■ **TASK MATERIAL**
########

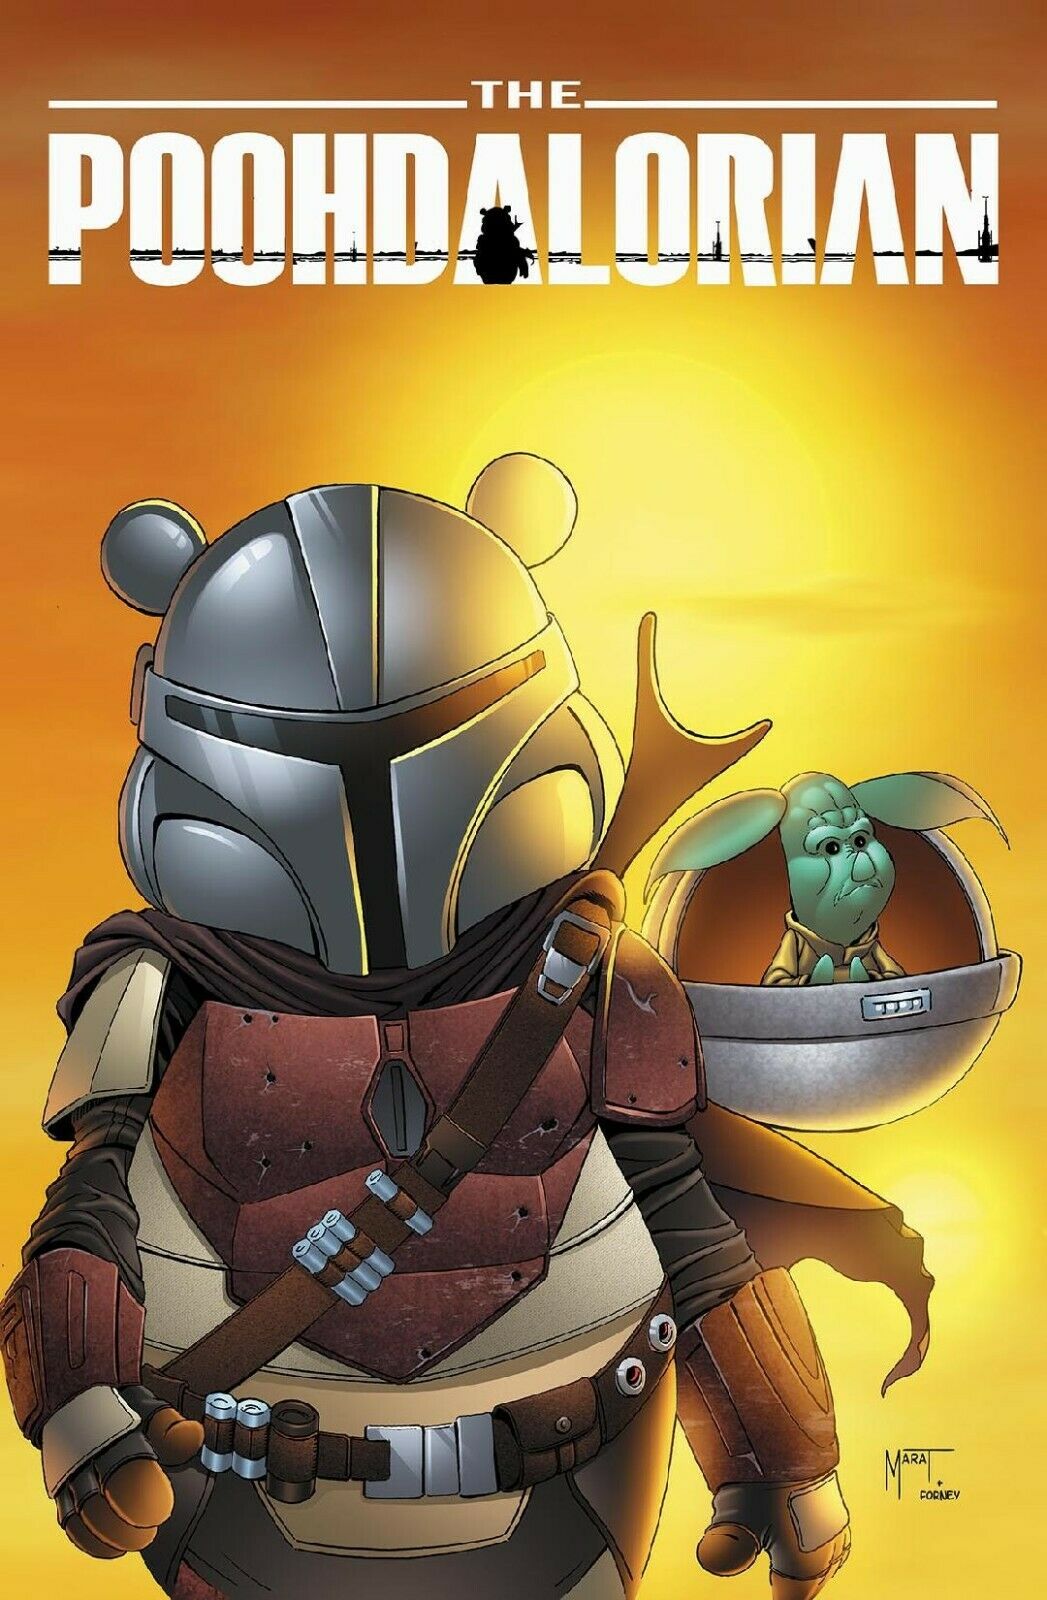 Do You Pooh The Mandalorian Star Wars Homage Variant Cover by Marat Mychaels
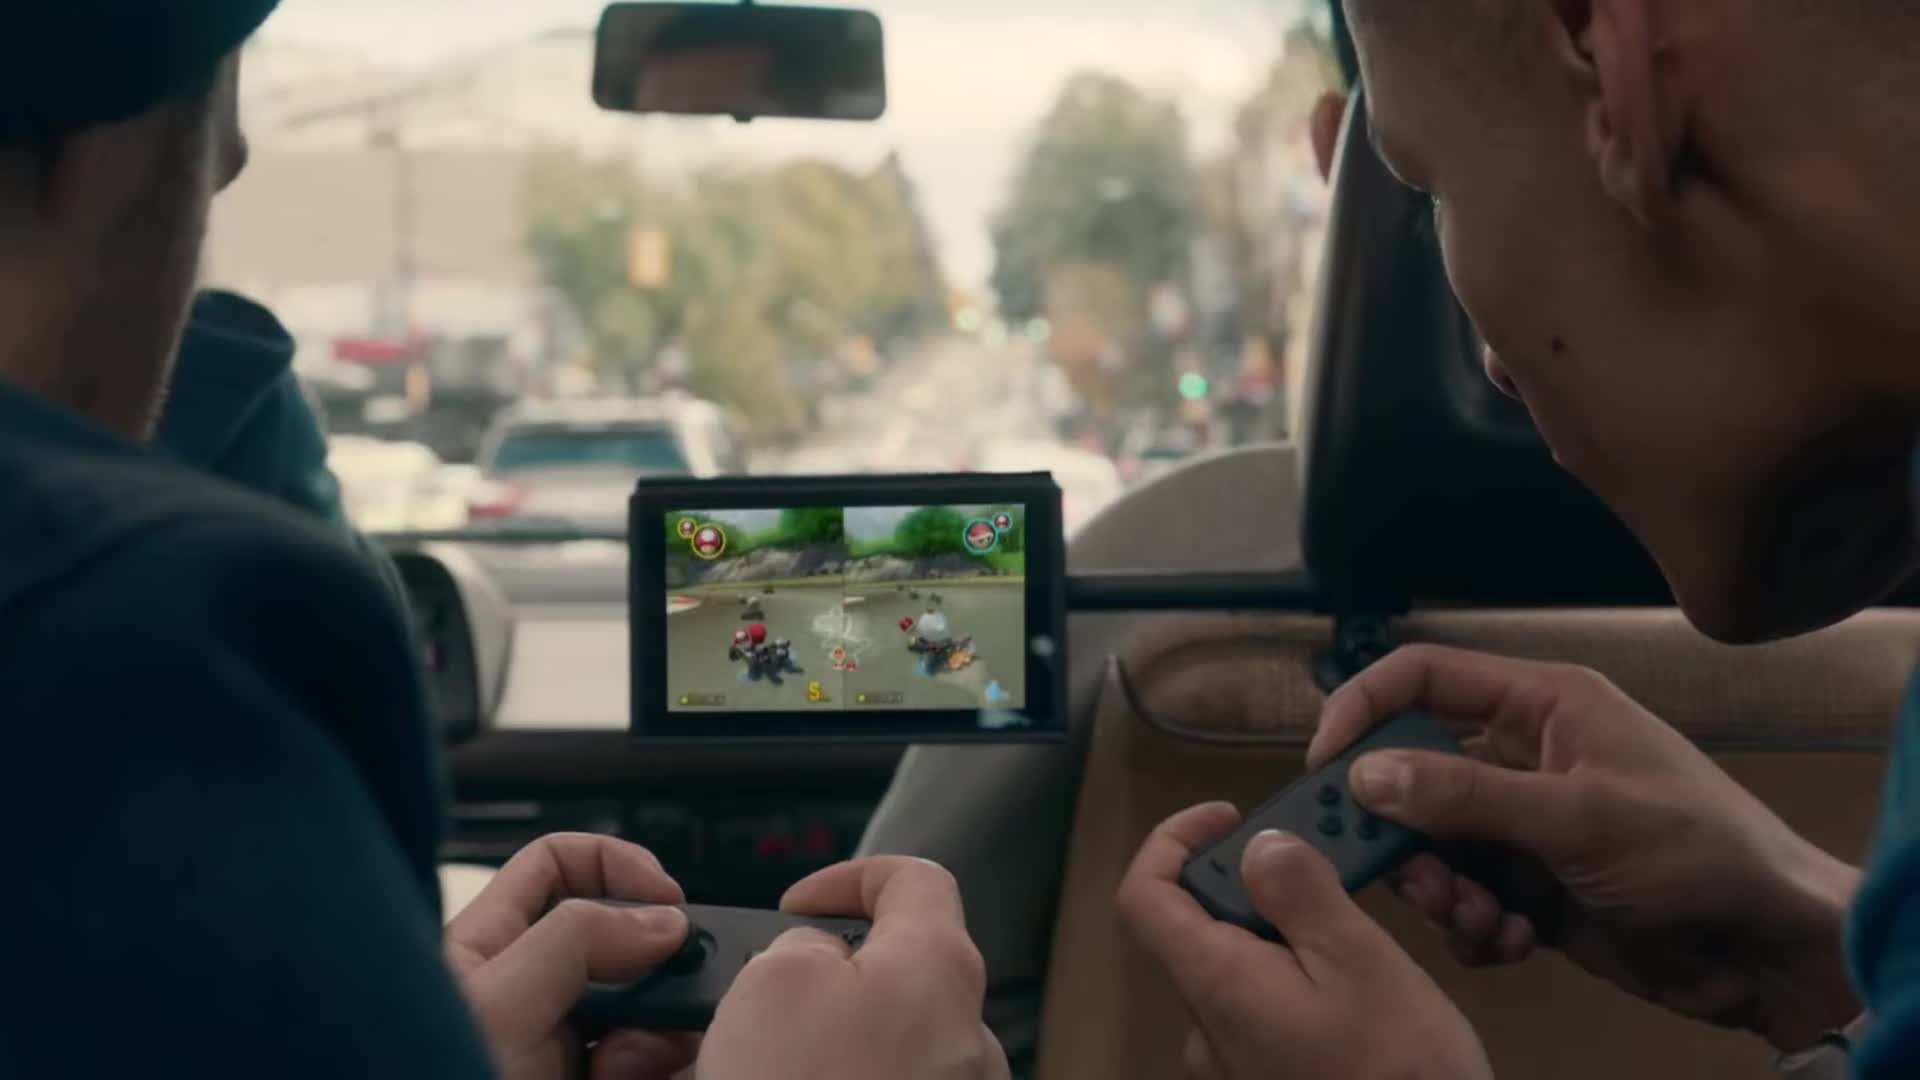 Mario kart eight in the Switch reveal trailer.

########

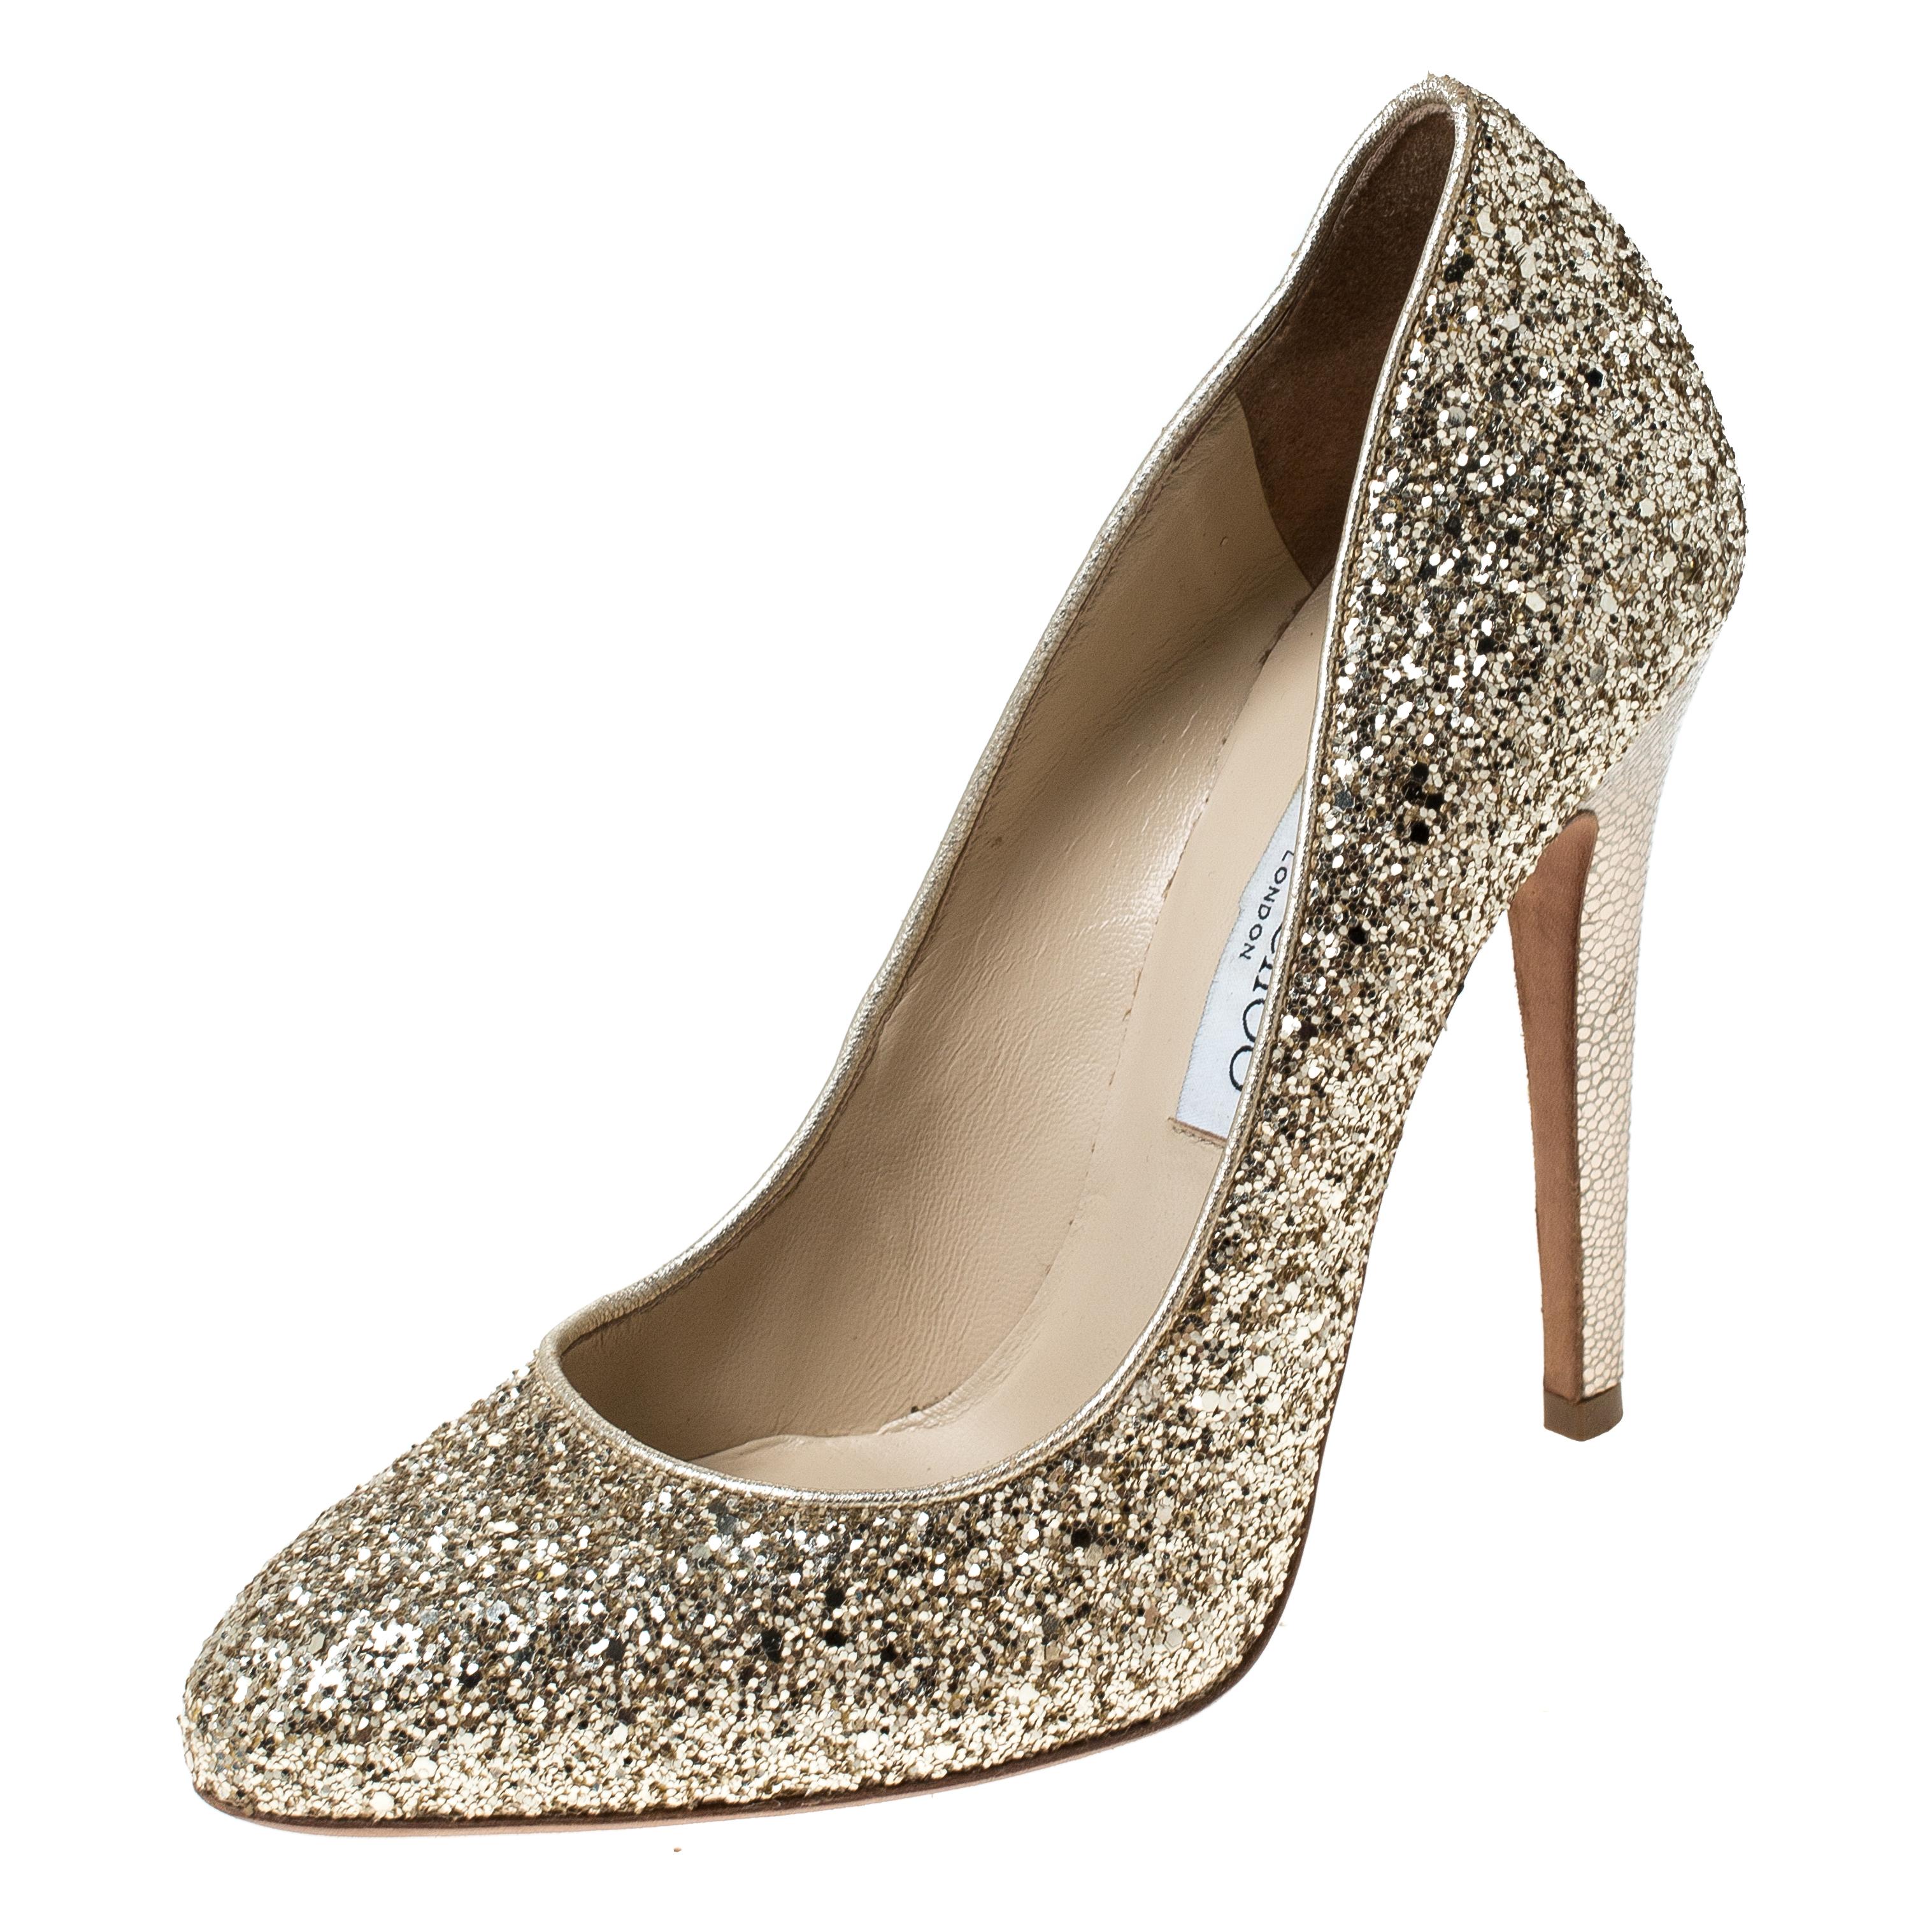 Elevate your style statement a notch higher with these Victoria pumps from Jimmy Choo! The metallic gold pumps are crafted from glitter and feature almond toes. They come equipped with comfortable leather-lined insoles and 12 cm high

########

■ **EXERCISE AIM**
Only the lines starting at the one that includes "Do You Pooh" and ending at the one that includes "Mario kart eight" should be retyped, exactly, from the records above; no pictures.

■ **OUTPUT OF THE TASK**
 Do You Pooh The Mandalorian Star Wars Homage Variant Cover by Marat Mychaels
 Mario kart eight in the Switch reveal trailer.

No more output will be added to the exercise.